The council discussed a previous decision regarding changing the Life Insurance carrier and they determined, in light of new information, that they were better off to stay with their current carrier which they made a motion to do.
The council tabled the matter of redrafting the Social Committee contract until further input could be obtained regarding a liquor sales insurance policy. There was a concern that a new policy may be redundant. The Village does need to have a $1 million certificate of insurance for liability of alcohol sales in the Hall, but there was a thought that this may be currently covered under the Social Committee insurance policy carrier.

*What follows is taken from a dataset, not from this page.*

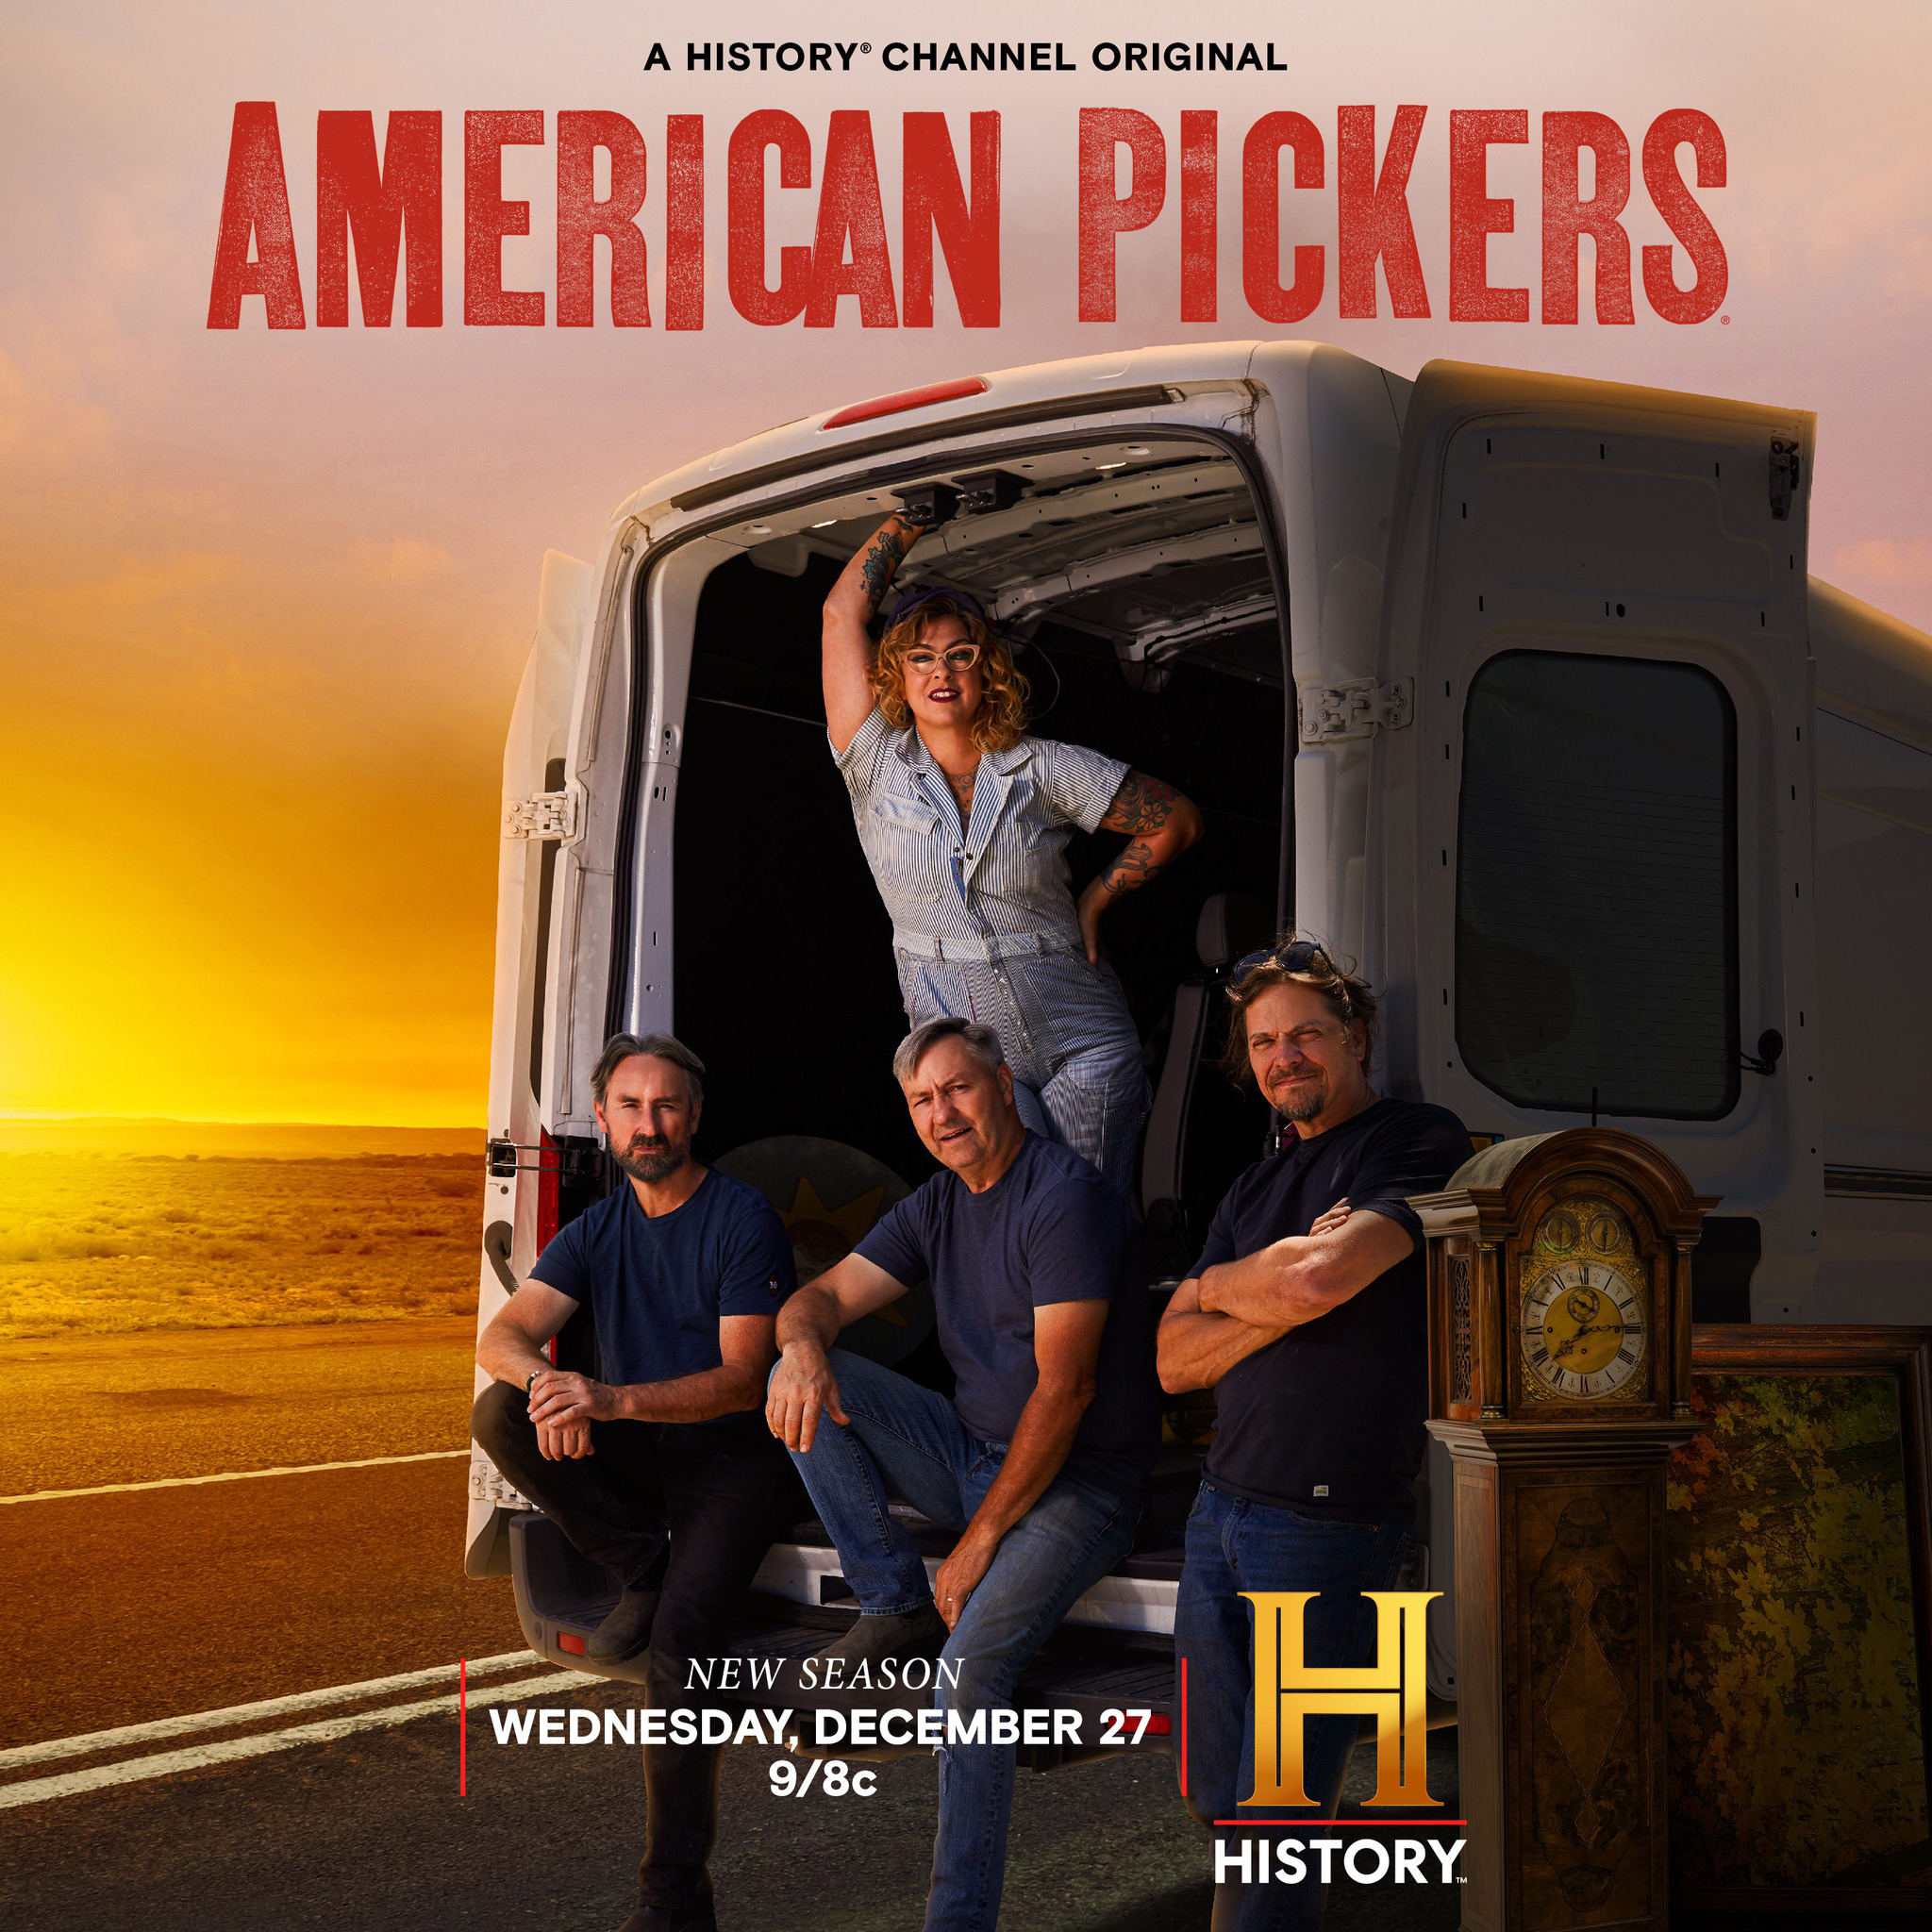 American Pickers has suffered majorly low ratings lately, leaving fans uncertain it would come back

The council agreed to a three year contract with Comcast for telephone service in the Village offices. Their current contract was up for renewal with AT &T and after research by Mary Robertson and receiving written quotes from both AT & T and Comcast, it was determined that Comcast offered the best option. The office will keep their current telephone equipment and the service will not be over the internet line, which all agreed could present a problem if internet service in the Village was down.
There are currently seven land lines serving the Village; in the office in the hall, police department and street department. It was also suggested by the council for Robertson to investigate adding public Wi-Fi for the Village Hall location, to the new contract.
A hall rental was approved, in arrears, for Jim Bracewell for Dec. 31, 2016.
The next meeting of the Village of Grand Beach council will be Wednesday February 15 at 7:30 at Village Hall.